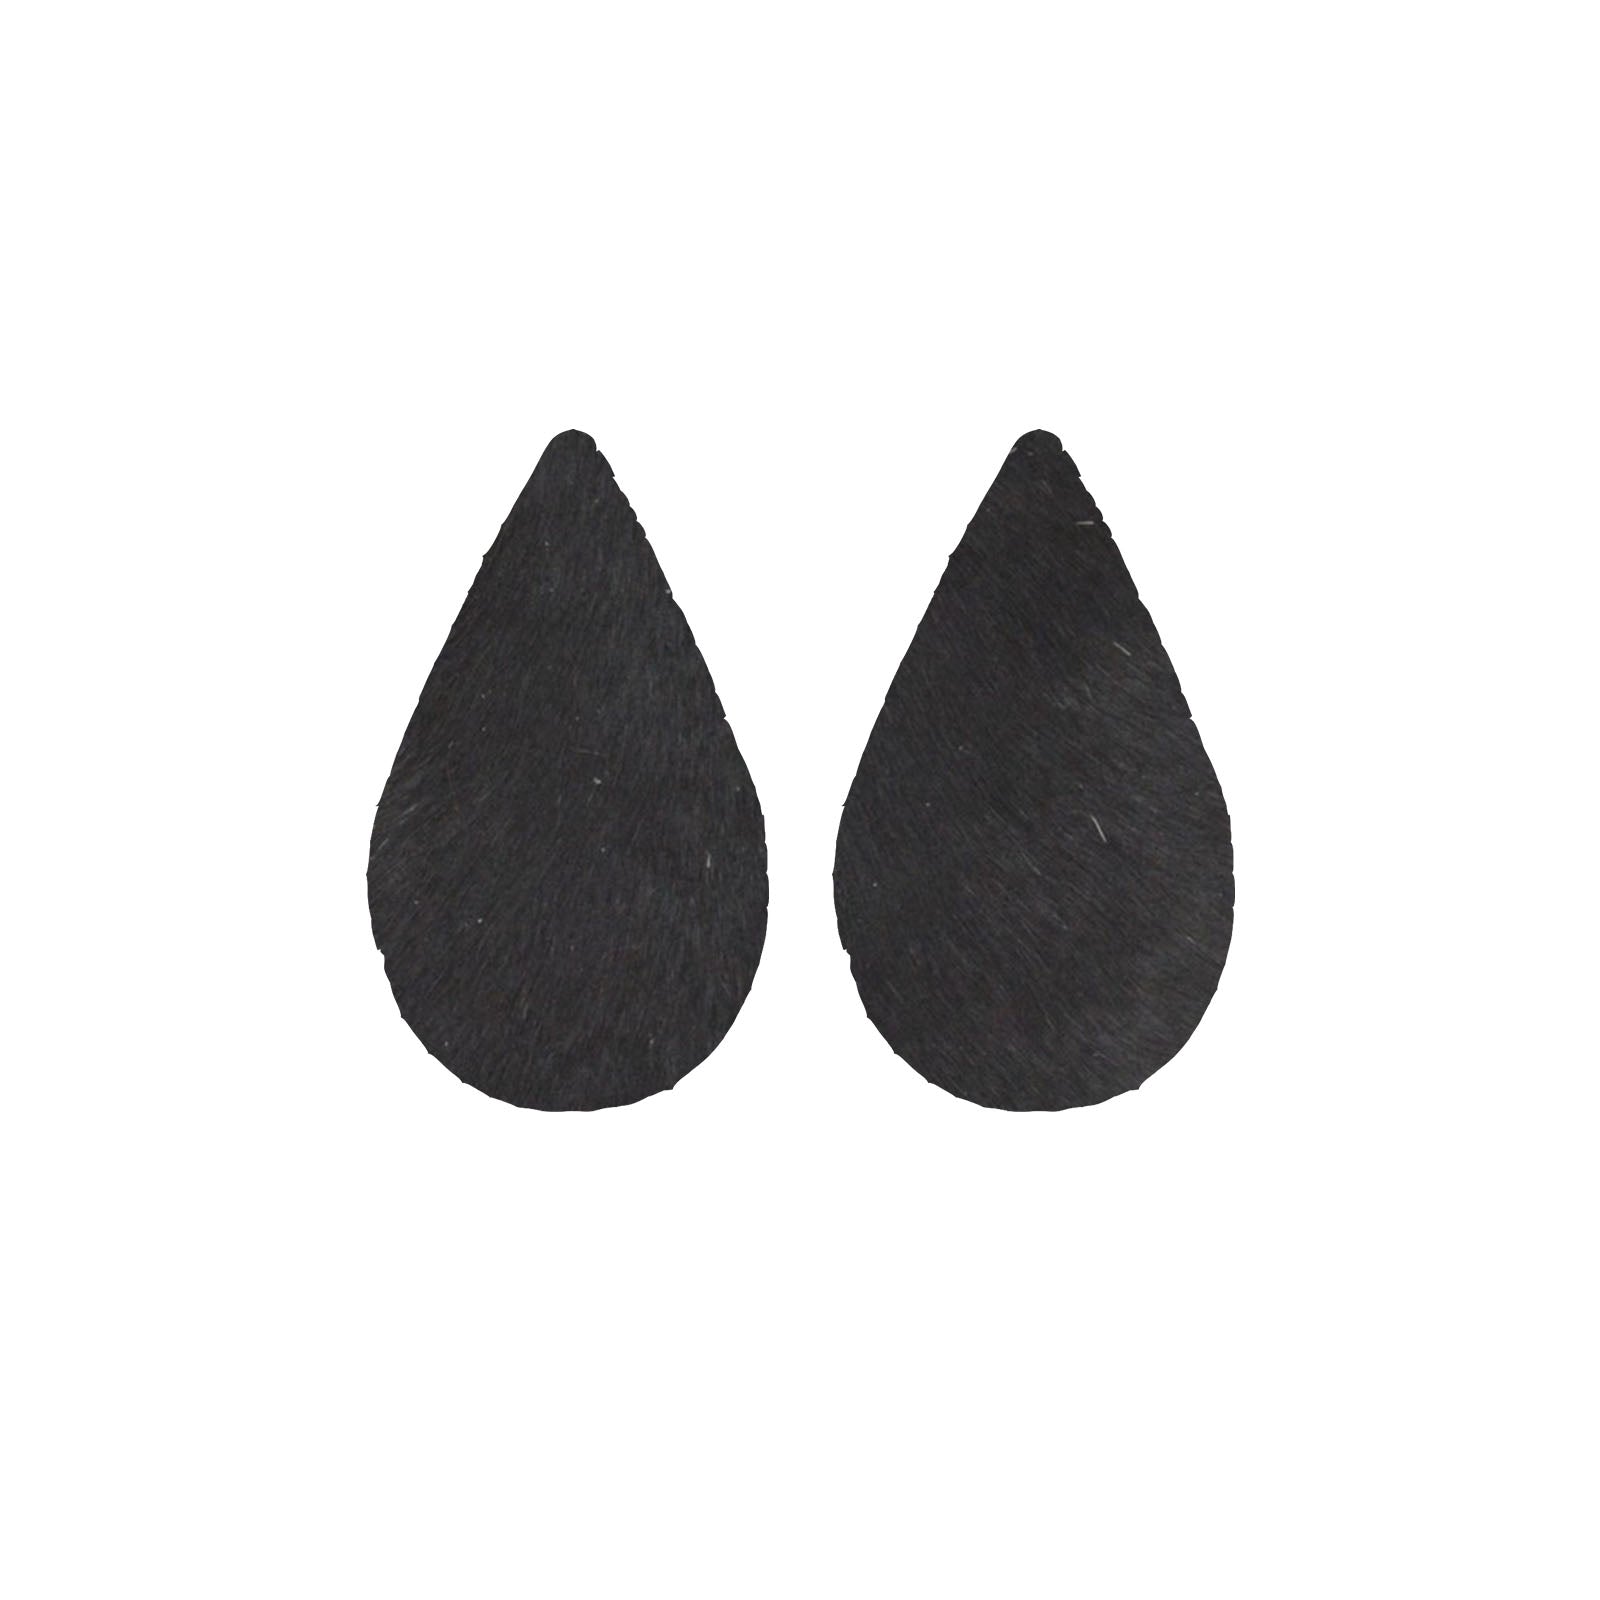 Solid Black Hair On Die Cut Earrings, Large Teardrop | The Leather Guy
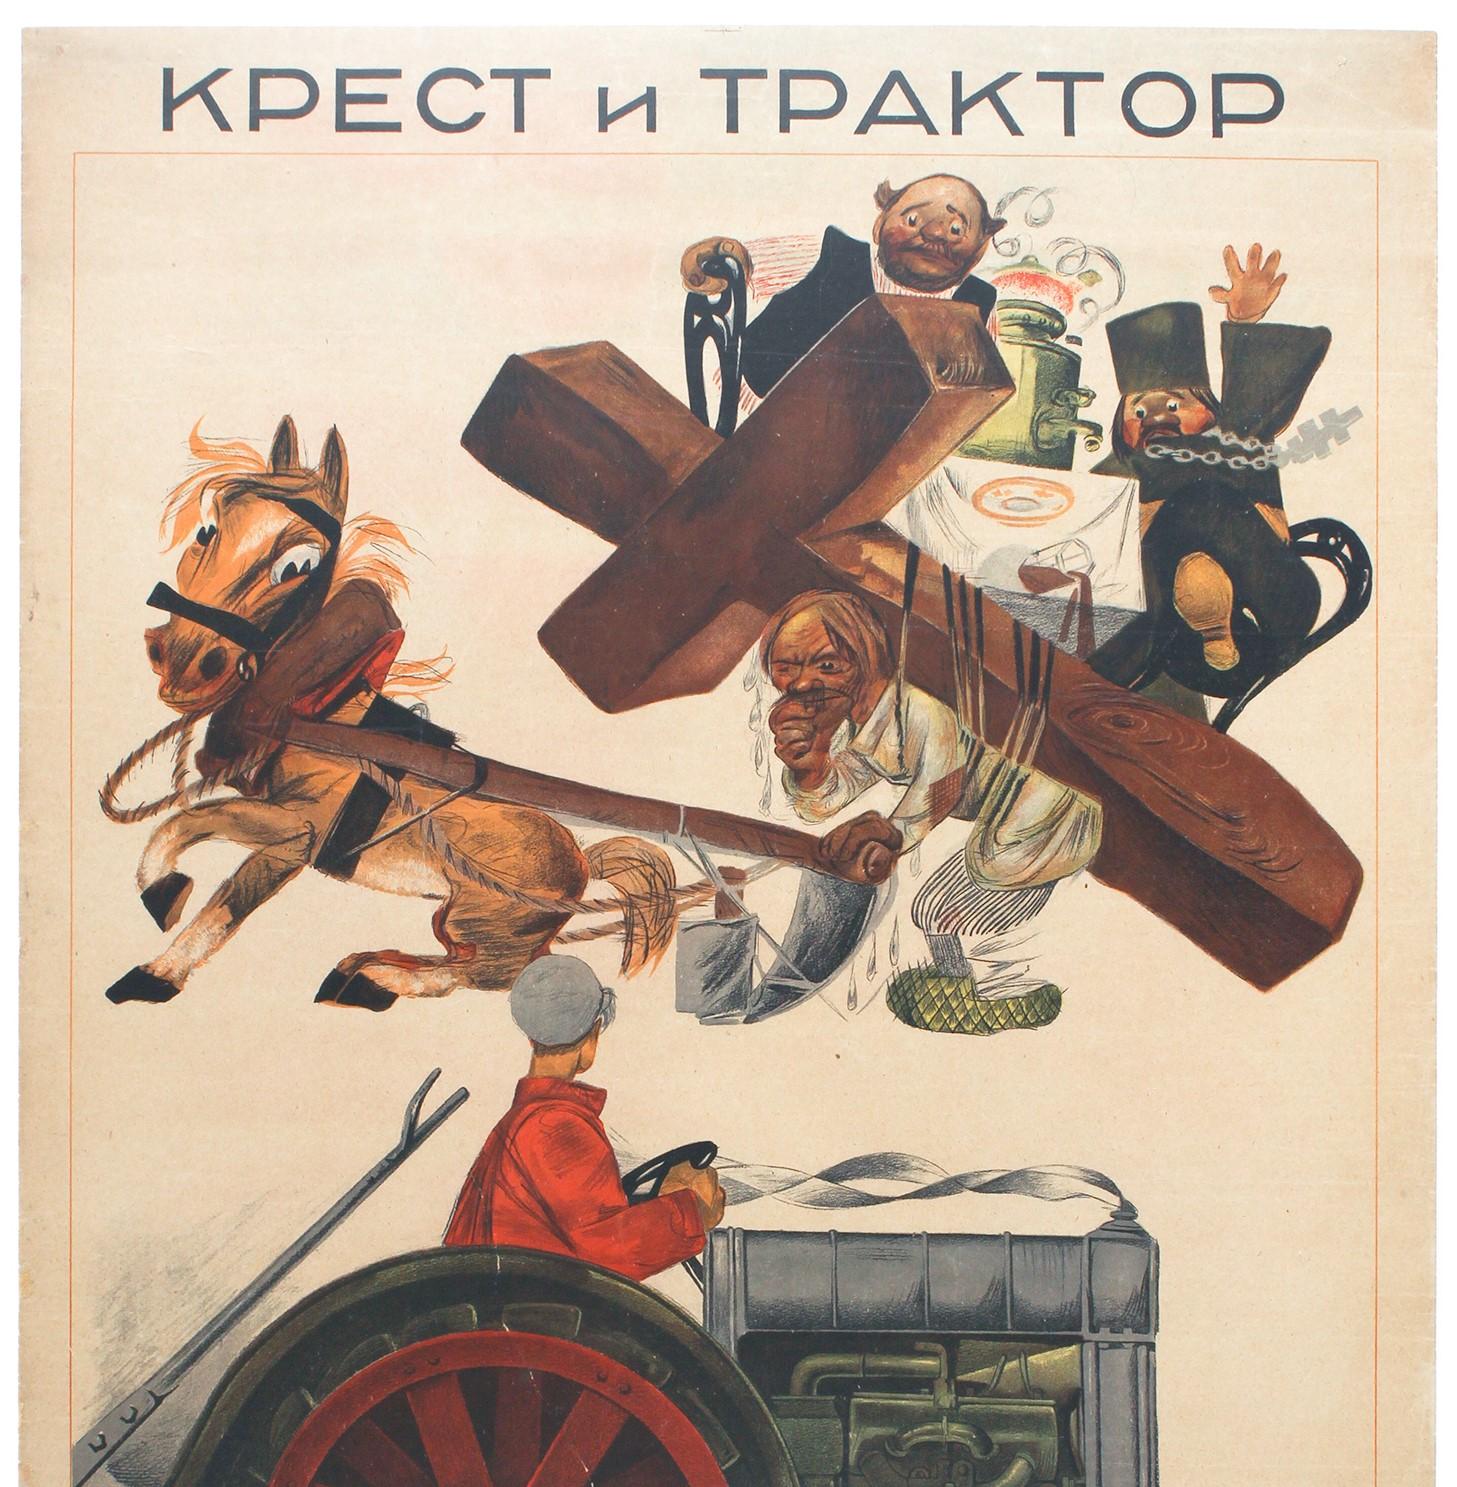 Affiche originale de propagande communiste antireligieuse intitulée Крест и Трактор / Cross and Tractor (Croix et tracteur), réalisée par Mikhaïl Cheremnykh (1890-1962) sur la base d'un poème de Demyan Bedny (1883-1945) sur l'exploitation des
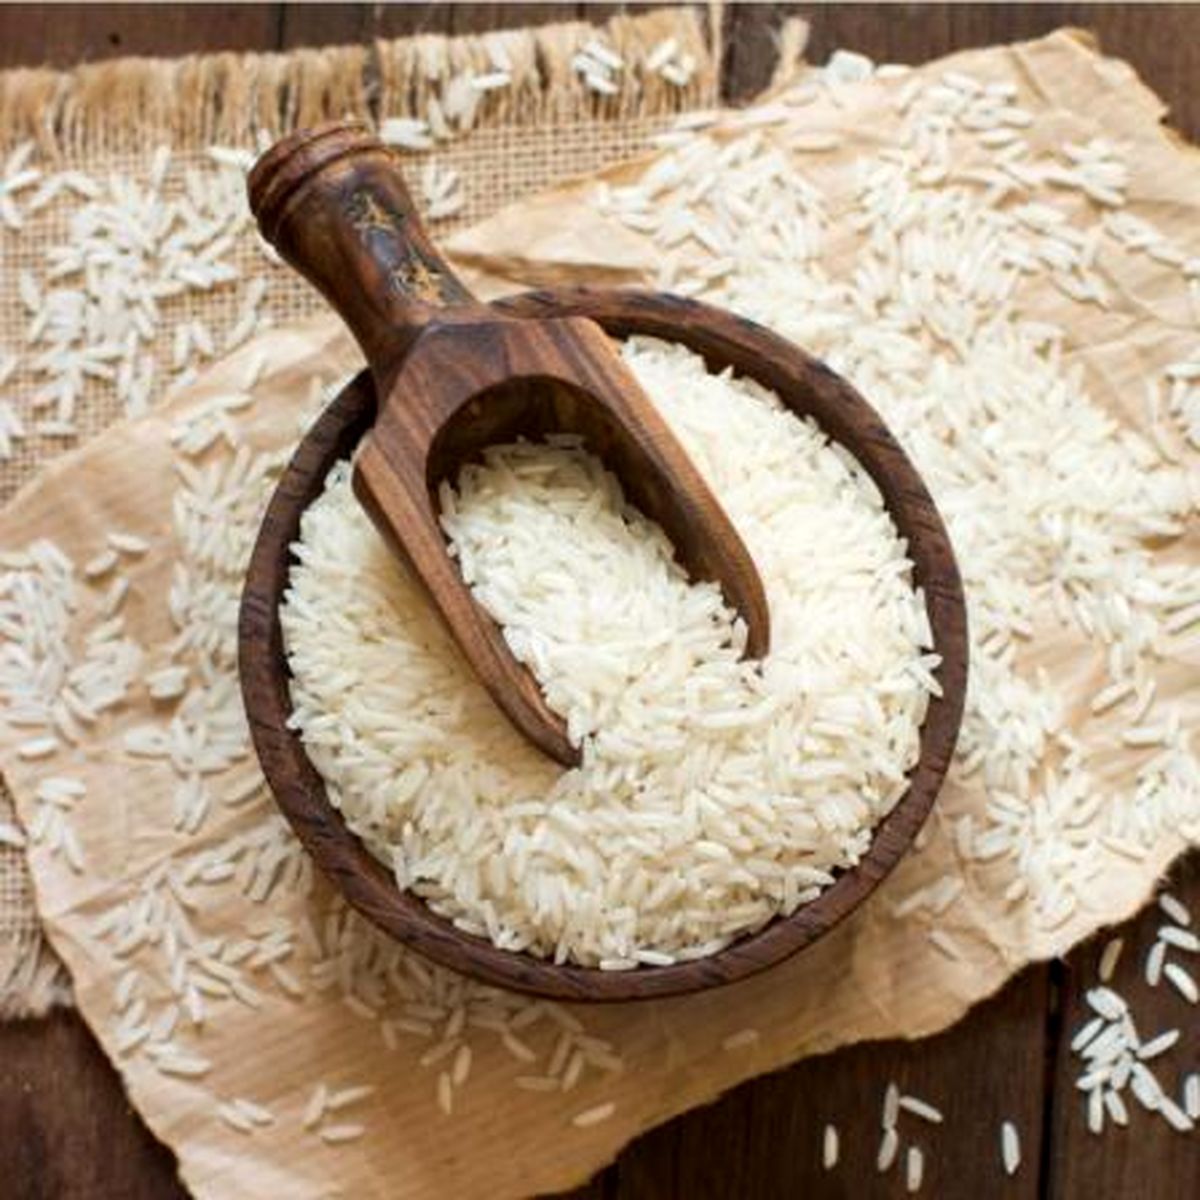 کاهش ۱۰ هزار تومانی قیمت هر کیلو برنج ایرانی/ قیمت برنج شمال بین ۷۰ تا ۱۱۰ هزار تومان است

Goal of the exercise:
In this exercise, set down all of the data exactly, without the pictures.

Response area:
 Solid Black Hair On Die Cut Earrings, Large Teardrop | The Leather Guy
 Affiche originale de propagande communiste antireligieuse intitulée Крест и Трактор / Cross and Tractor (Croix et tracteur), réalisée par Mikhaïl Cheremnykh (1890-1962) sur la base d'un poème de Demyan Bedny (1883-1945) sur l'exploitation des
 کاهش ۱۰ هزار تومانی قیمت هر کیلو برنج ایرانی/ قیمت برنج شمال بین ۷۰ تا ۱۱۰ هزار تومان است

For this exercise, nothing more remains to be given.